The image forming apparatus according to claim 2, further comprising a photoelectric conversion unit. 4. A latent image forming means for forming a latent image on an image carrier based on image data, and a developing process for developing the latent image formed by the latent image forming means on the image carrier with a developer. Means, a developer adhesion amount calculation means for calculating a predicted value of an adhesion amount of the developer adhered on the image carrier by the development of the developing means from the image data, and a surface of the image carrier facing each other.

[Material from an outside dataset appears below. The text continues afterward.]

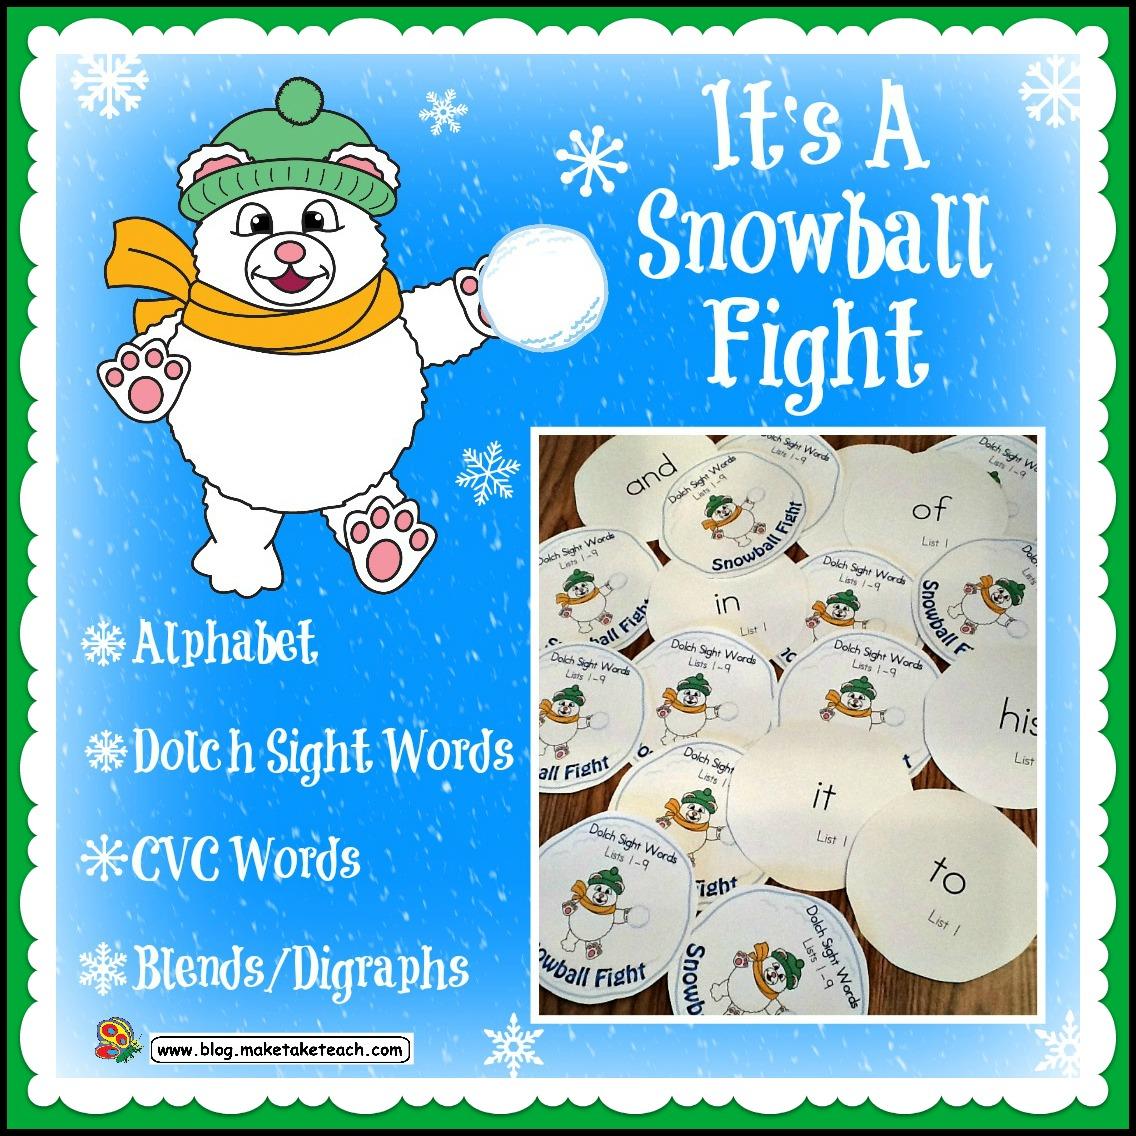 SnowballFightgotit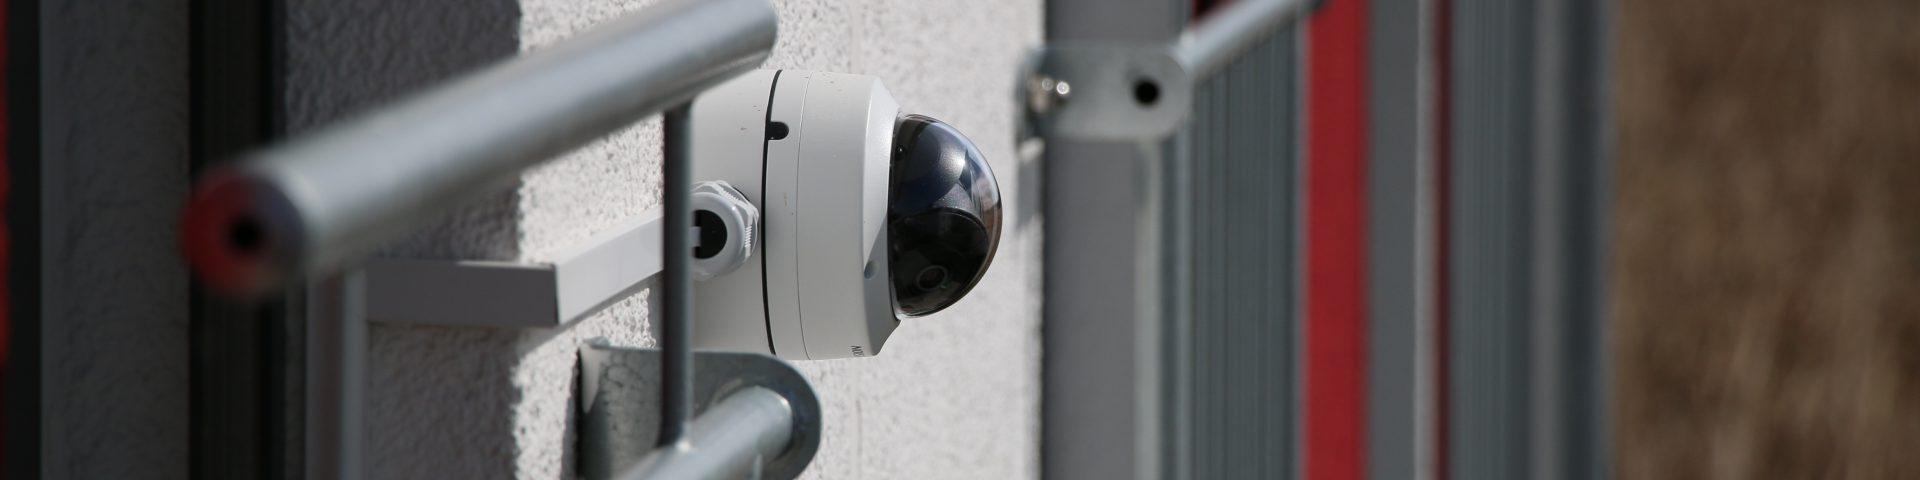 Hikvision IP-Kamera zwischen Fenstern

And the latent image on the image carrier formed based on the image data used to calculate the predicted value of the developer adhesion amount in the developer adhesion amount calculation unit is developed by the development unit. The developer adhesion amount measuring means for measuring the adhesion amount of the adhered developer and the developer adhesion amount measuring means and the image carrier are provided so as to be openable and closable at the time of measurement of the developer adhesion amount measuring means. Other than the above, the developer adhesion amount measuring means and the image carrier are A shielding member for shielding the space, a comparing means for comparing the measured value of the developer adhesion amount measuring means and the predicted value calculated by the developer adhesion amount calculating means, and the latent value based on the comparison result of the comparing means. An image forming apparatus comprising: an image forming condition changing unit that changes an image forming condition in an image forming unit or a developing unit.